## DATA EXCERPT
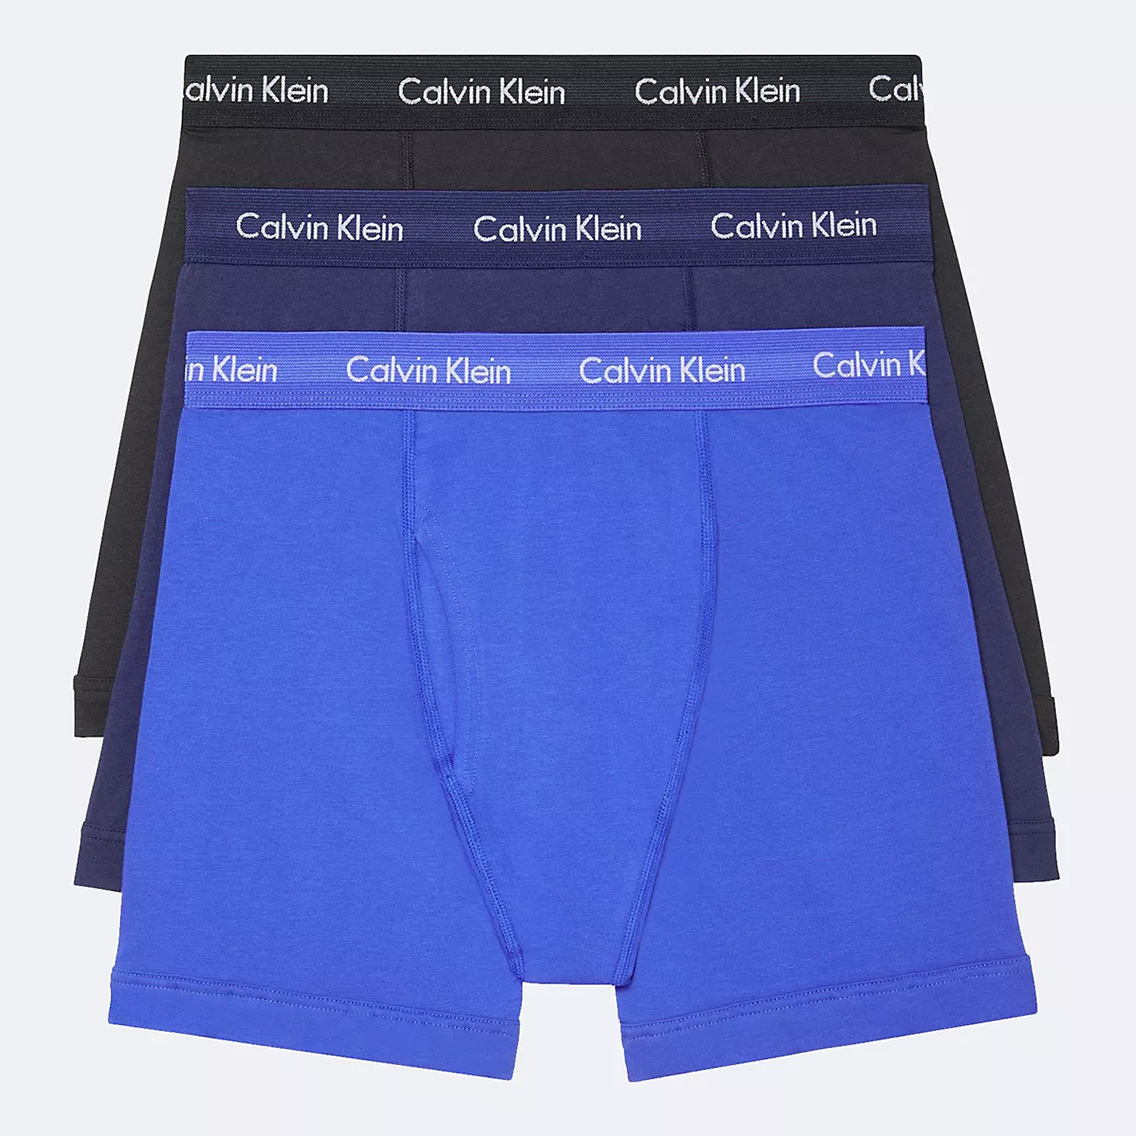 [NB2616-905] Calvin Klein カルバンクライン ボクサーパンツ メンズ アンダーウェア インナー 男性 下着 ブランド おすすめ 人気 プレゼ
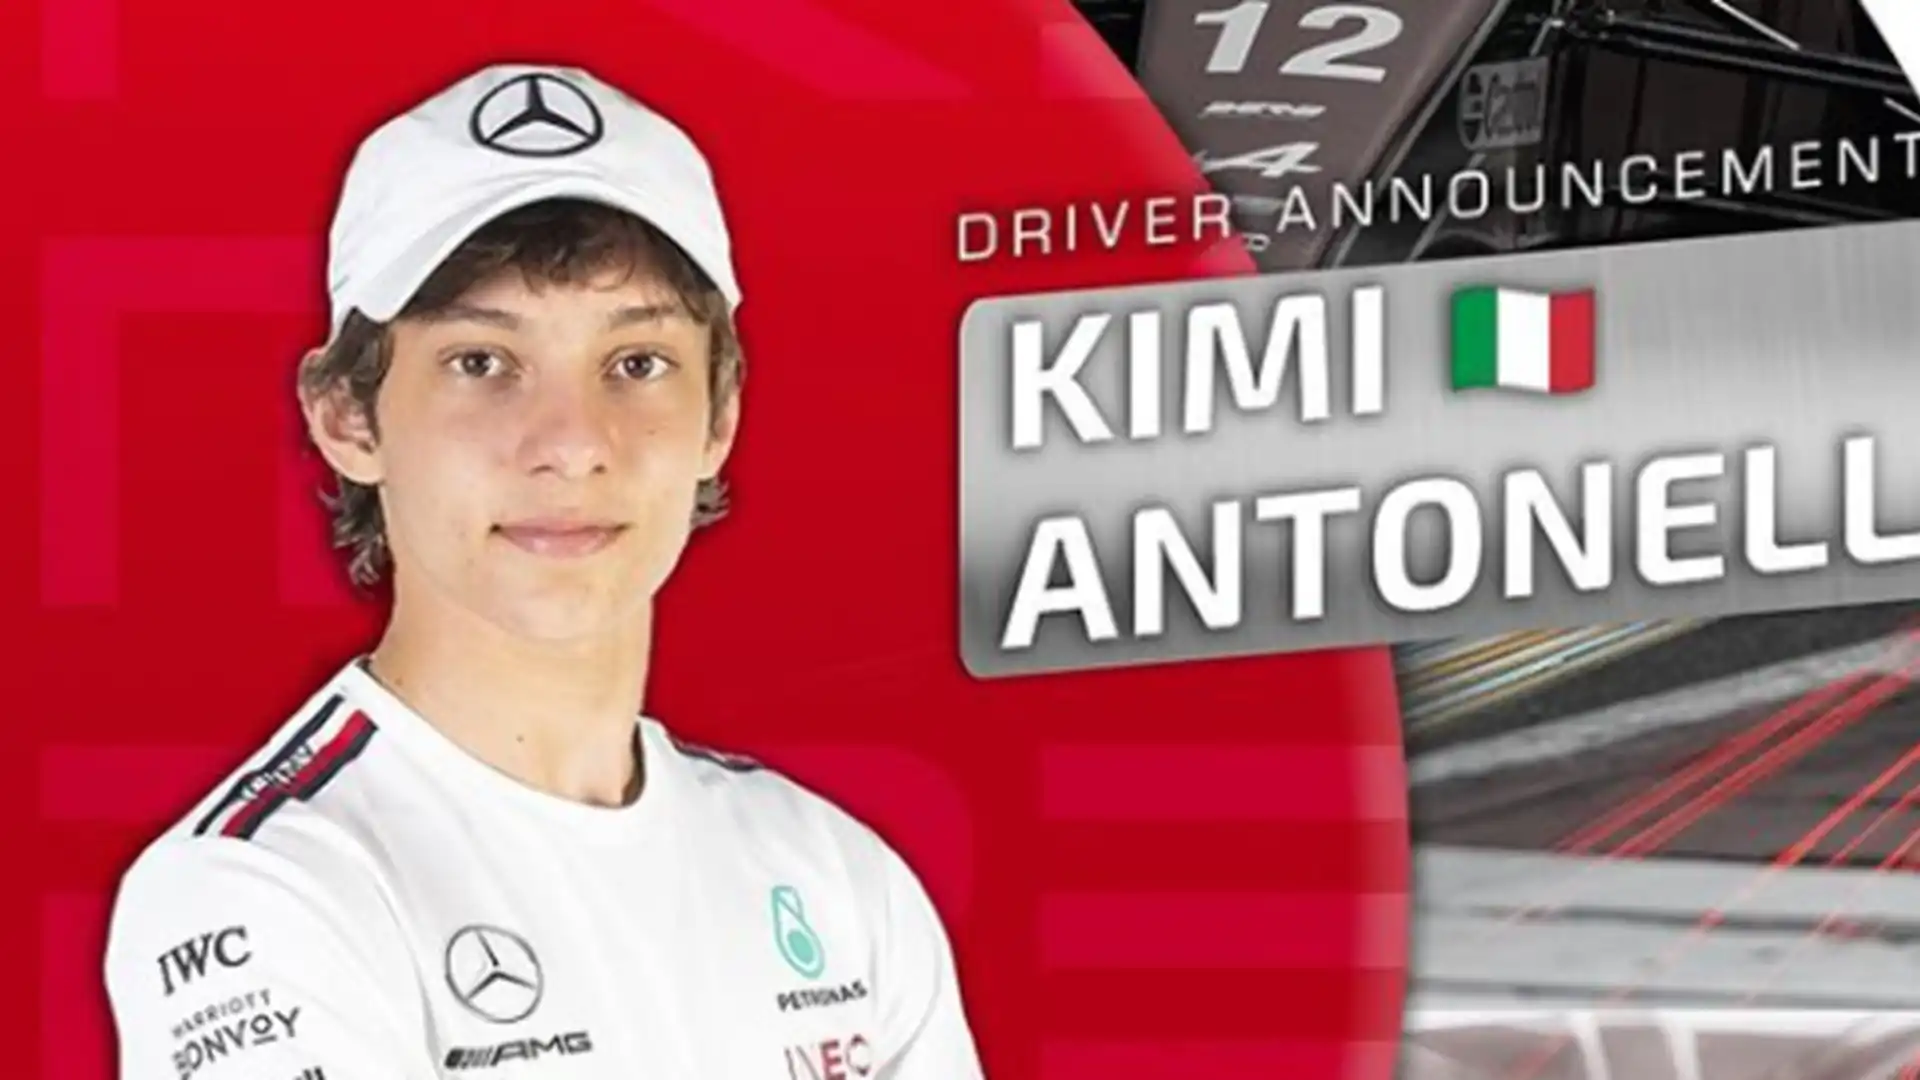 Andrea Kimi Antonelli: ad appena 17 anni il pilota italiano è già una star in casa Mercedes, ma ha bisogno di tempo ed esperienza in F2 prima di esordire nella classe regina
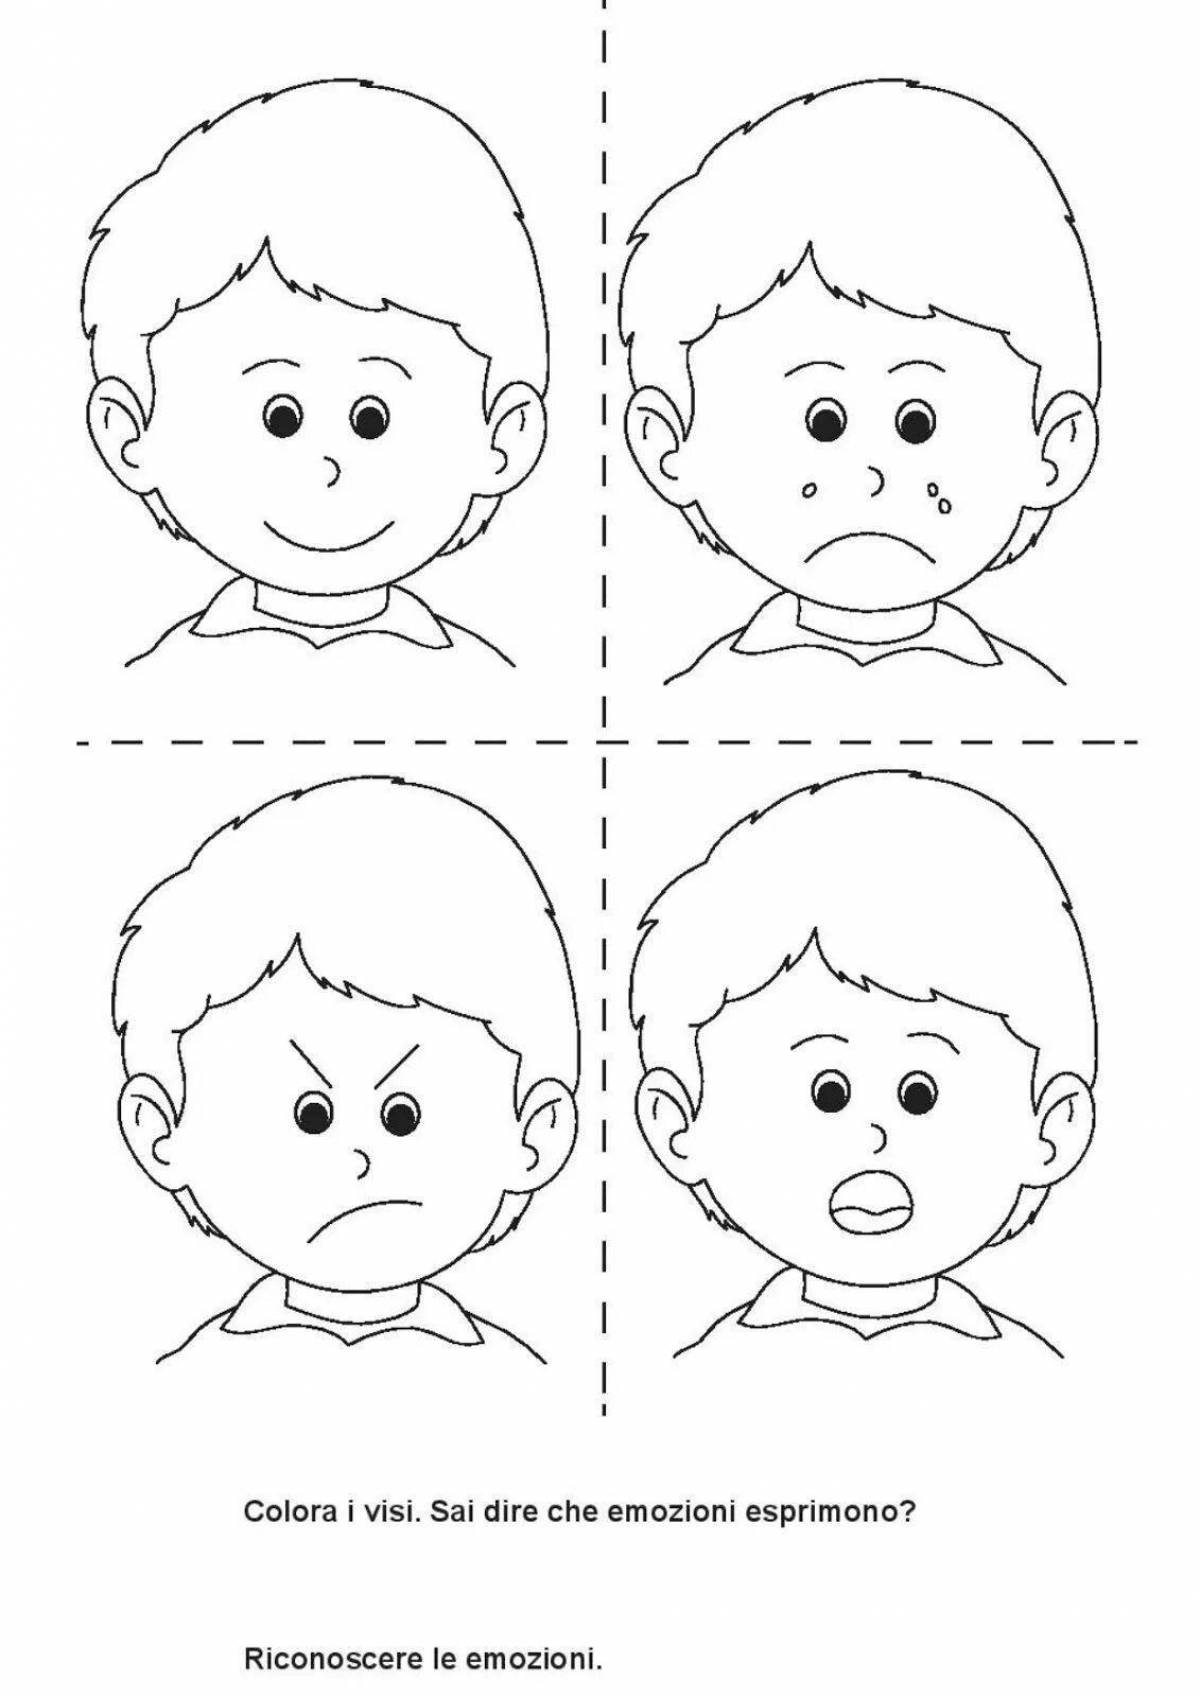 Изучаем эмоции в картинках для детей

## WORK ITEM
Retype the data shown above exactly, excluding any picture it contains.

## THE COMPLETED TASK
 [NB2616-905] Calvin Klein カルバンクライン ボクサーパンツ メンズ アンダーウェア インナー 男性 下着 ブランド おすすめ 人気 プレゼ
 Andrea Kimi Antonelli: ad appena 17 anni il pilota italiano è già una star in casa Mercedes, ma ha bisogno di tempo ed esperienza in F2 prima di esordire nella classe regina
 Изучаем эмоции в картинках для детей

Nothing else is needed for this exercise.